Sexual assault, also called indecent assault, can be interpreted differently in different states. According to Florida Sex Crimes Attorney James Weick, the general legal definition, the act constitutes sexual touching or contact without the consent of the victim, by the use of threat, force, or violence. Sexual touching means to touch intentionally, the private or intimate parts of another person for sexual arousal. The touch could be direct or through clothing. Hence, unlike rape there is no penetration in sexual assault.
Any Type of Contact
The degree of force used in sexual assault will be different, and it can be just enough to make contact. The level of force will also depend on the person being touched and the circumstances. For instance, the force needed to touch an unwilling child will be minimal compared to an adult. Secondly, deliberately brushing against intimate parts of a person in a crowded place will still constitute sexual assault even though there is no apparent force involved.
Hence, the sexual touching need not be violent, nor the level of force used has to be extreme to constitute sexual assault. The main criteria are touching a person without his or her consent and in an offending way. Secondly, even when the victim is not in a position to give consent to the sexual touching, it is still sexual assault. For instance, sexually touching a person who is unconscious or under the influence of alcohol or some drug, or the person is having a disability that limits his or her capacity to communicate.

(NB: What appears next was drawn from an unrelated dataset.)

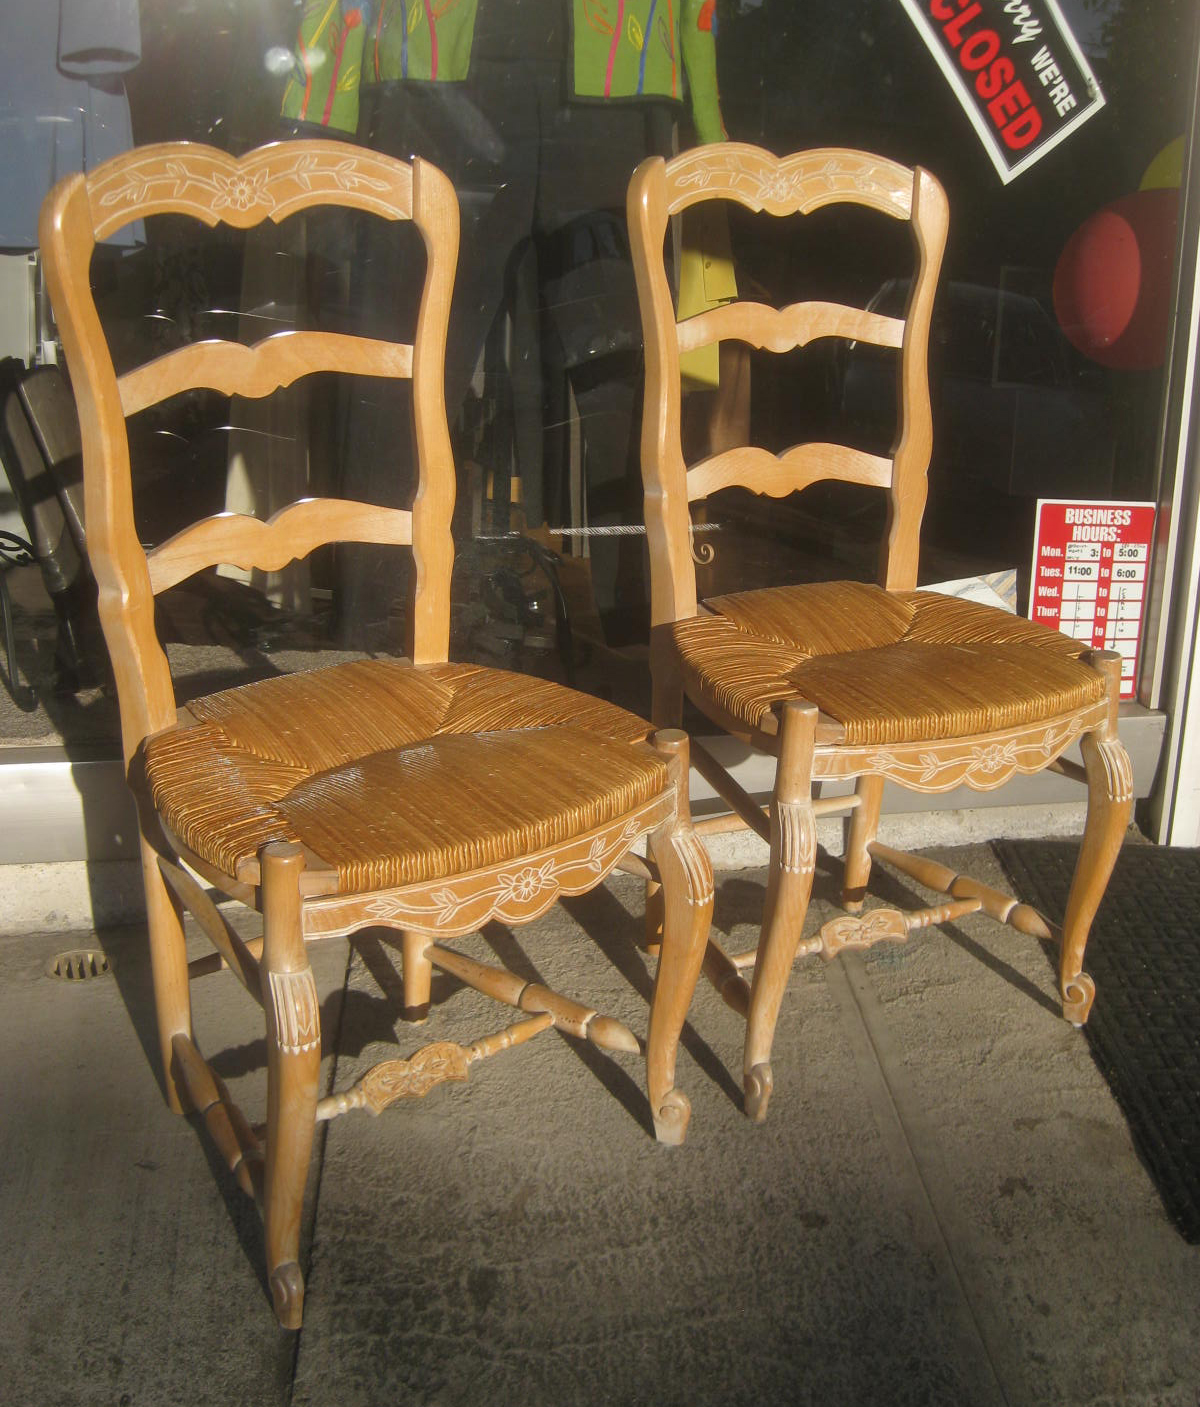 SOLD - White Washed Oak Chairs - $25 each & UHURU FURNITURE u0026 COLLECTIBLES: SOLD - White Washed Oak Chairs - $25 ...

The touching performed by a medical or health professional for the purpose of clinical evaluation cannot be taken as sexual contact. Similarly, a parent touching a child while performing required domestic functions cannot be considered sexual contact.
Sexual Assault Under Florida Statutes
A range of sex crimes is covered under sexual battery, and lewd and lascivious conduct in Florida. The term “sexual assault” is often used to mean rape in mainstream communication in Florida. Secondly, rape also does not have a separate mention under Florida Statutes, but the crime is covered under sexual battery.
However, sexual assault as described above is covered under Indecent Assault under Florida Statute 3126.
The Statute defines indecent assault as the act of indecent contact with the victim or causing the victim to come into indecent contact with the perpetrator, or willfully causing the victim to come into contact with urine, feces, or seminal fluid for the purpose of sexual arousal.
The act is done:
• Without the consent of the victim
• The perpetrator forcibly compels the victim
• The perpetrator threatens to forcibly compel the victim, to prevent any resistance
• The victim is unconscious
• The victim is unaware of the occurrence of indecent contact
• The perpetrator takes control of the victim by administering intoxicants or drugs without the knowledge of the victim
• The victim is less than 13 years old
• The victim is less than 16 years old, and the perpetrator is four years older than the victim, and the two are not married.
Penalties and Punishment
According to Florida statutes, the offense of indecent assault can be graded in its severity by taking into account various circumstances of the crime. Depending on the severity, the charges can be second-degree misdemeanor, first degree misdemeanor, or third degree felony. The perpetrator can be charged with third degree felony for indecent assault when:
• The perpetrator is a repeated offender or the perpetrator’s past conduct shows a record of indecent assaults
• The perpetrator has touched the victim’s sexual parts with his or her intimate parts or the other way round.